Whisper has a built-in task=translate flag that's supposed to translate audio to English. It doesn't work properly on large-v3-turbo — that model was fine-tuned without translation data, and the flag returns garbled output. The fastest, most useful Whisper variant has translation broken on arrival.
We sidestepped it. The fix turns out to be a single config swap, not an extra model.
The insight
Whisper's encoder produces a language-agnostic representation of audio. It encodes meaning, not words. The decoder then writes that meaning down in whichever language you specify via the language parameter.
So if you speak English with language="ru" set — the decoder outputs Russian. Same audio in. Different writing out. Technically not "translation" in the architectural sense — practically identical to what users want.
# That's the entire "translation feature"

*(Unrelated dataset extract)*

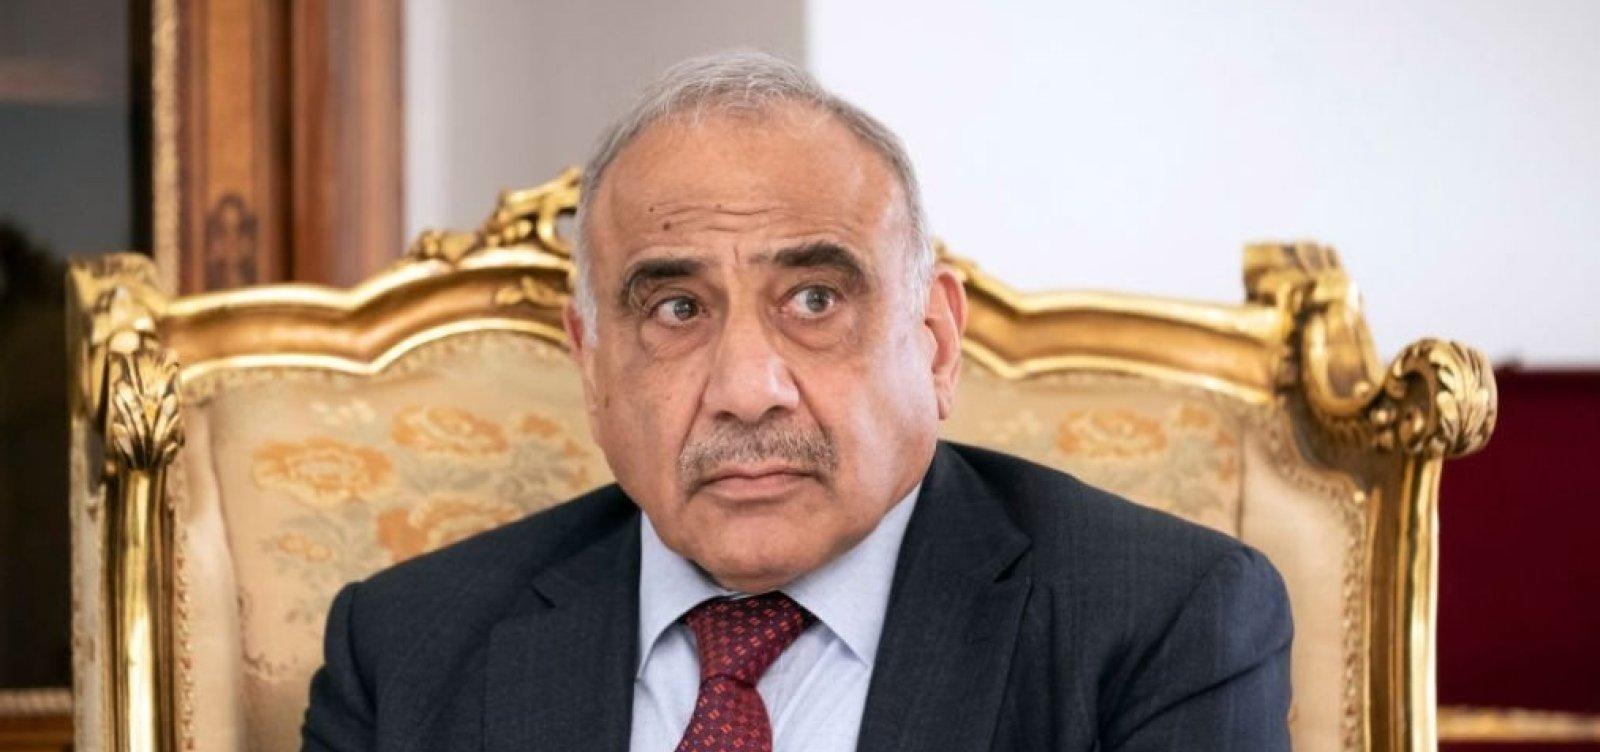 [Parlamento do Iraque aceita pedido de renúncia do primeiro-ministro]

def transcribe(audio: bytes, target_lang: str) -> str:
return whisper_client.post(
audio=audio,
language=target_lang, # ← swap this, get a different output language
)
One line of config instead of bundling a translation model. A whole feature for free.
What this unlocks
Cream Typer ships with 18 modes in the menu bar. Click to switch. Whatever you say, you get text in the active mode's language:
| You speak (any language) | Active mode | What gets pasted |
|---|---|---|
| 🇷🇺 «Привет, как у тебя дела?» | 🇬🇧 English | Hello, how are you doing? |
| 🇬🇧 "Let's ship it on Friday" | 🇷🇺 Русский | Давай выкатим в пятницу |
| 🇩🇪 "Können wir morgen reden?" | 🇯🇵 日本語 | 明日話せますか? |
| 🇰🇷 "안녕하세요" | 🇸🇦 العربية | مرحبًا |
| anything | 🌐 → English | always English |
For multilingual teams this matters. You can think and speak in your native language and have the text land in whatever language the channel needs — without switching keyboard layouts, without touching a translator, without leaving the document you're working in.
The strongest argument for the translation feature isn't "it saves time." It's "you compose better in your native language, and the chat doesn't have to know."

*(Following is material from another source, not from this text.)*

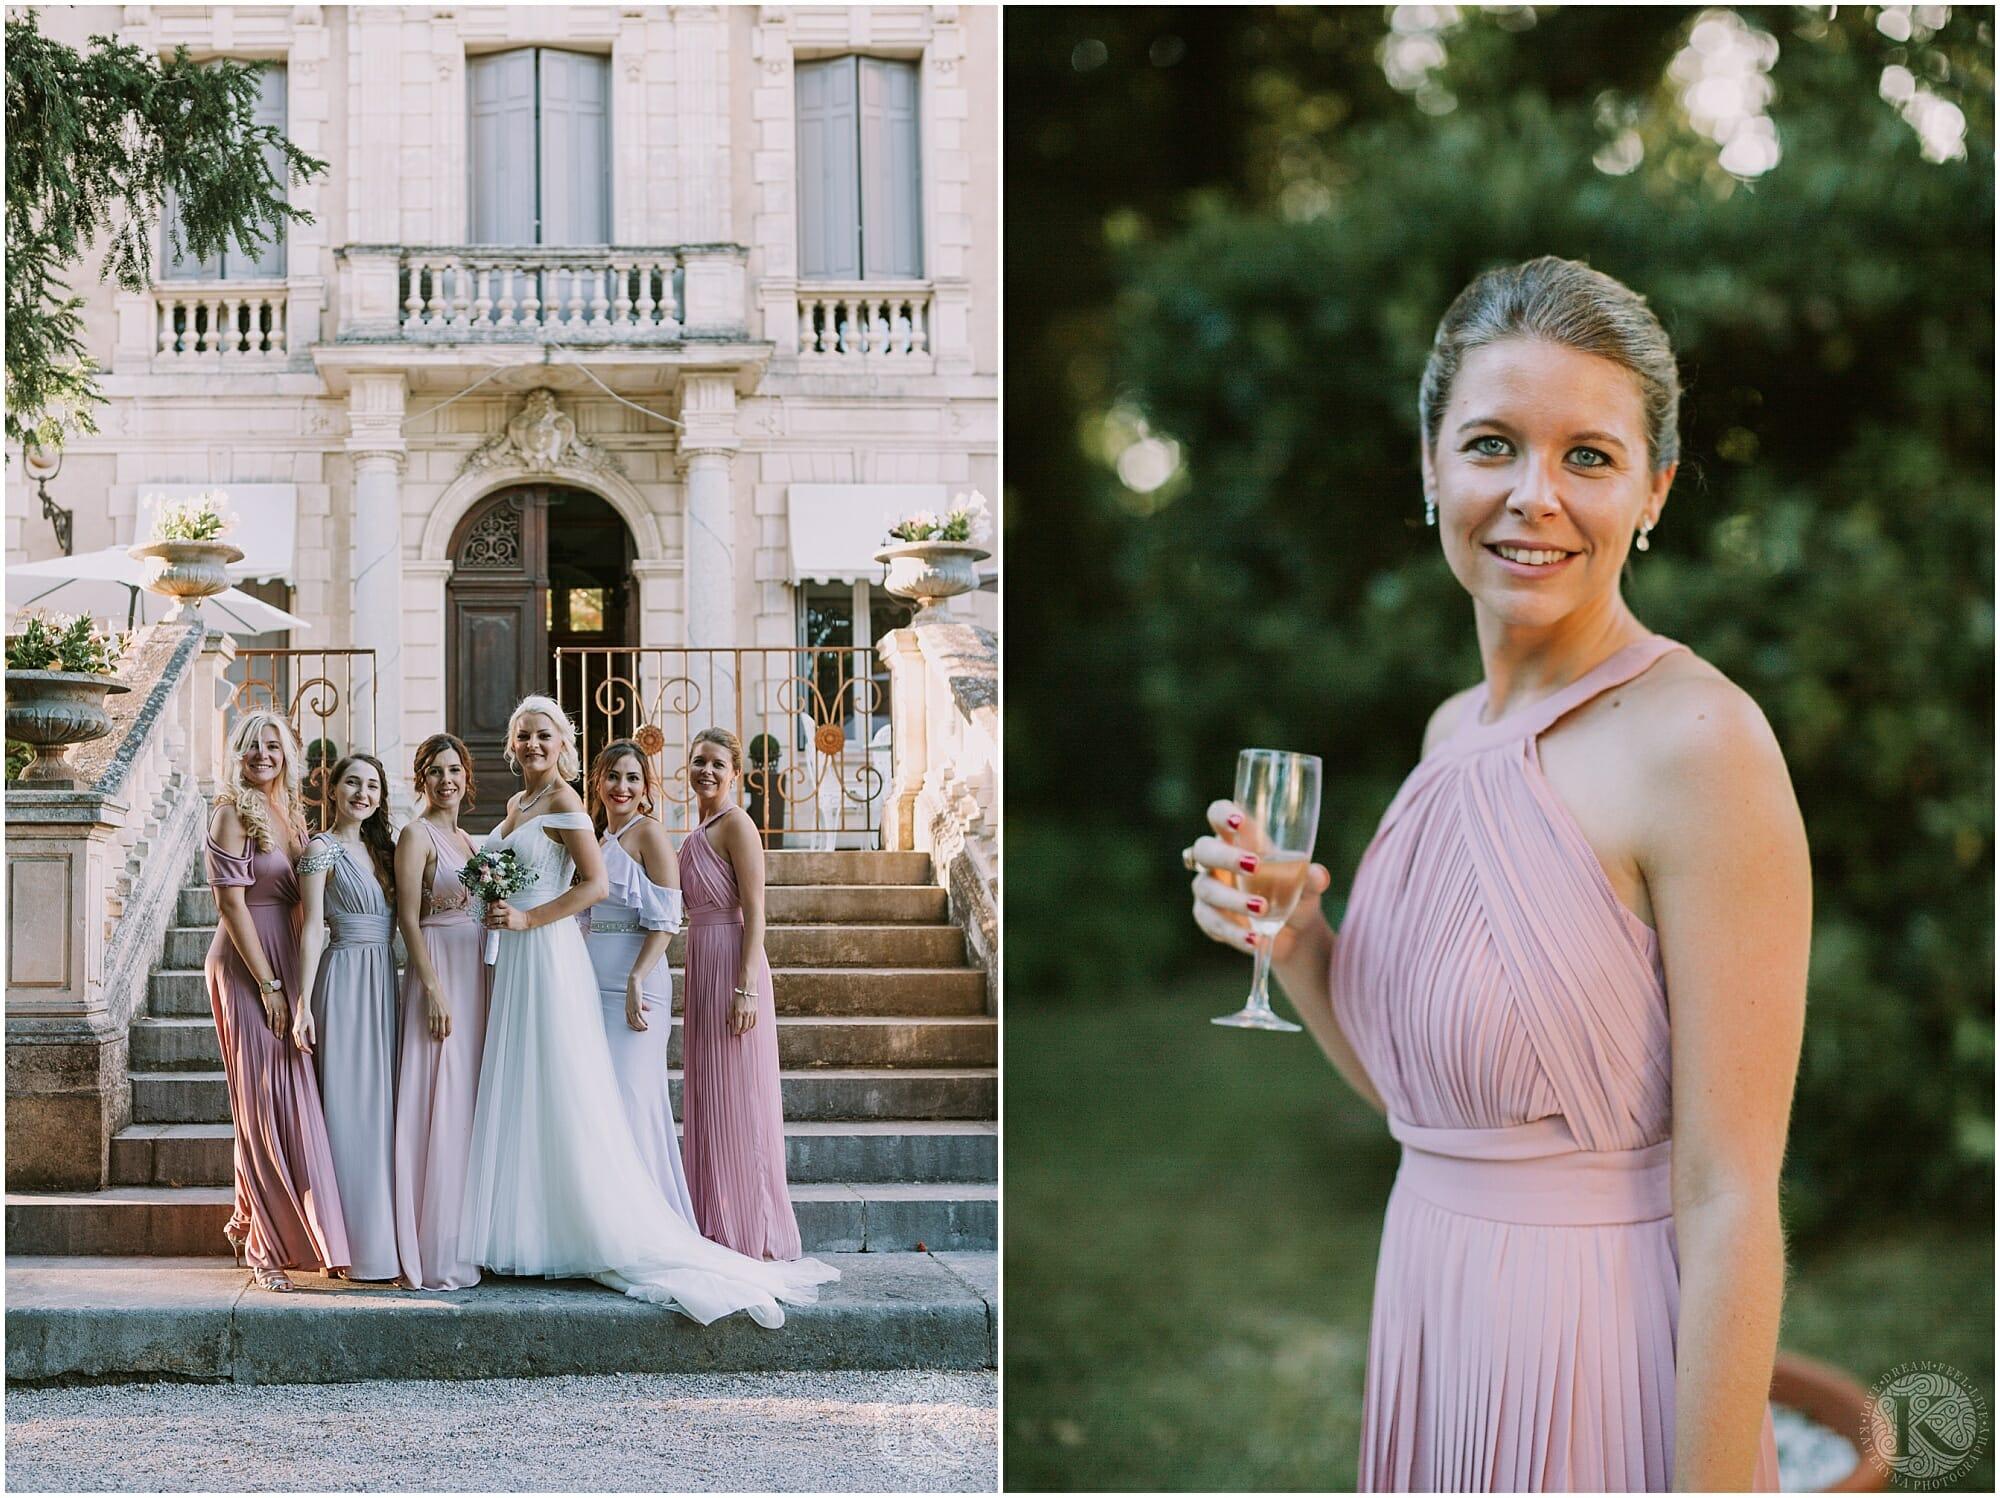 Kateryna-photos-photographe-mariage-chateau-des-3-fontaines-provence-avignon-vaucluse-sud_0073.jpg

Why running it locally matters more than you think
"Local AI" gets thrown around like a buzzword. For Cream Typer it's not a marketing line — it's the only architecture that works for what we're doing. Three reasons:
1. Privacy that's actually verifiable
When you dictate via cloud STT, your voice is sent to a third party. That third party processes it on their servers. Their privacy policy says they don't train on it (usually). You have no way to verify that claim.

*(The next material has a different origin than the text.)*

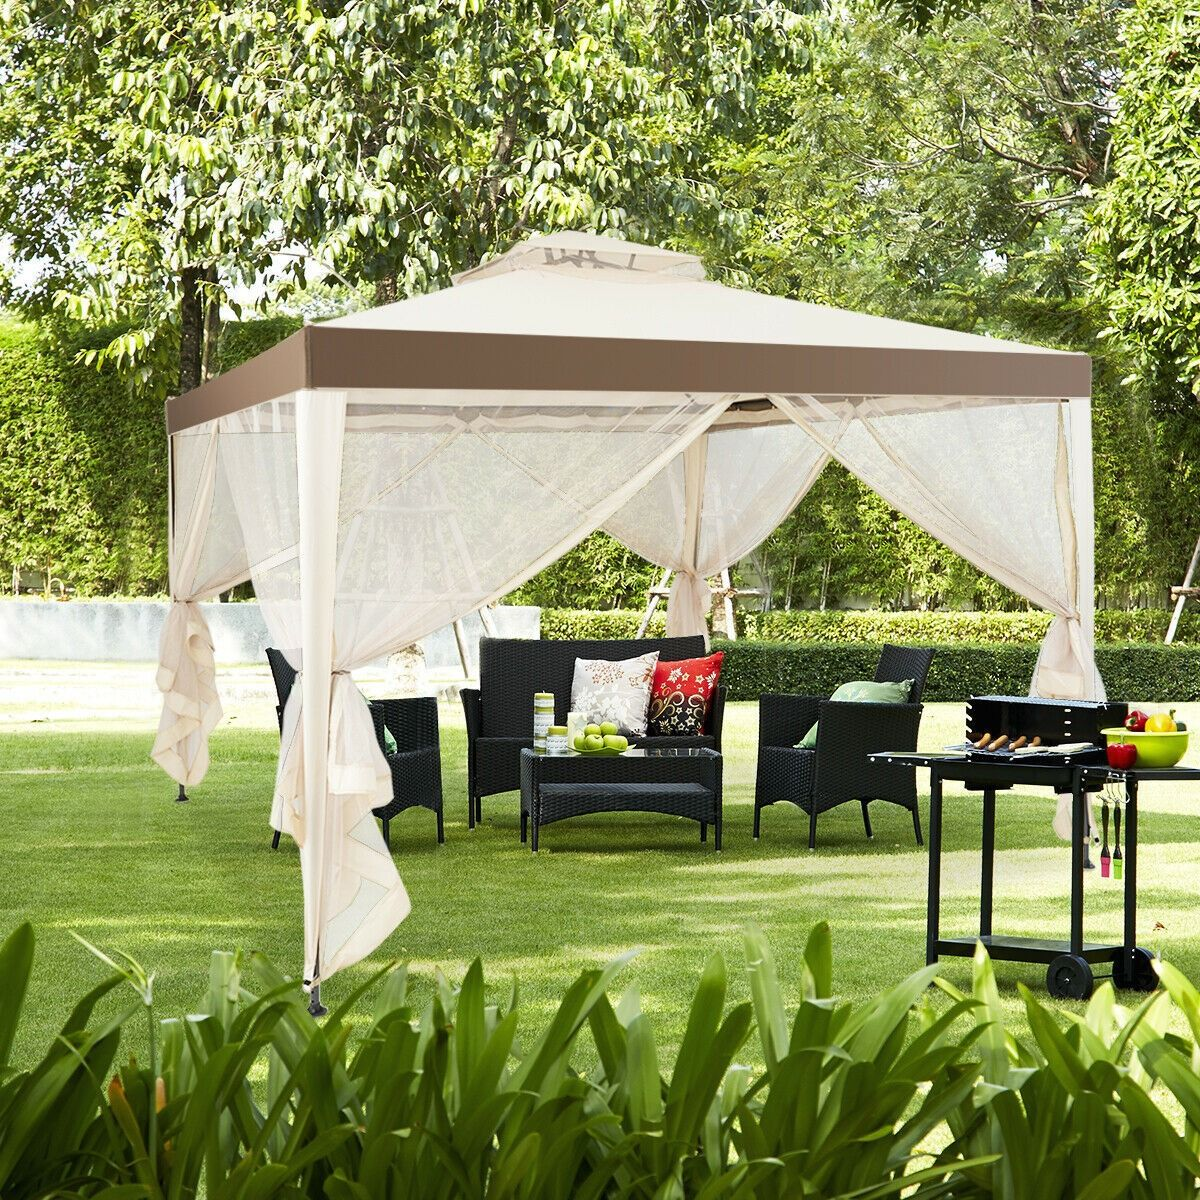 Canopy Gazebo Tent Shelter Garden Lawn Patio With Mosquito Netting Patio Gazebo Gazebo Tent Gazebo

With Cream Typer, the audio file lives in RAM on your Mac for ~400 milliseconds, gets passed to a local whisper.cpp process running on your own hardware, and is discarded. Zero network egress. Zero. You can verify it with Little Snitch, with tcpdump, with lsof -i — the audio never leaves the machine because there's no code path that would send it anywhere.
This matters for anyone dictating: medical notes, legal drafts, internal company chat, financial commentary, anything covered by NDA, anything you'd be uncomfortable seeing in a leaked dataset.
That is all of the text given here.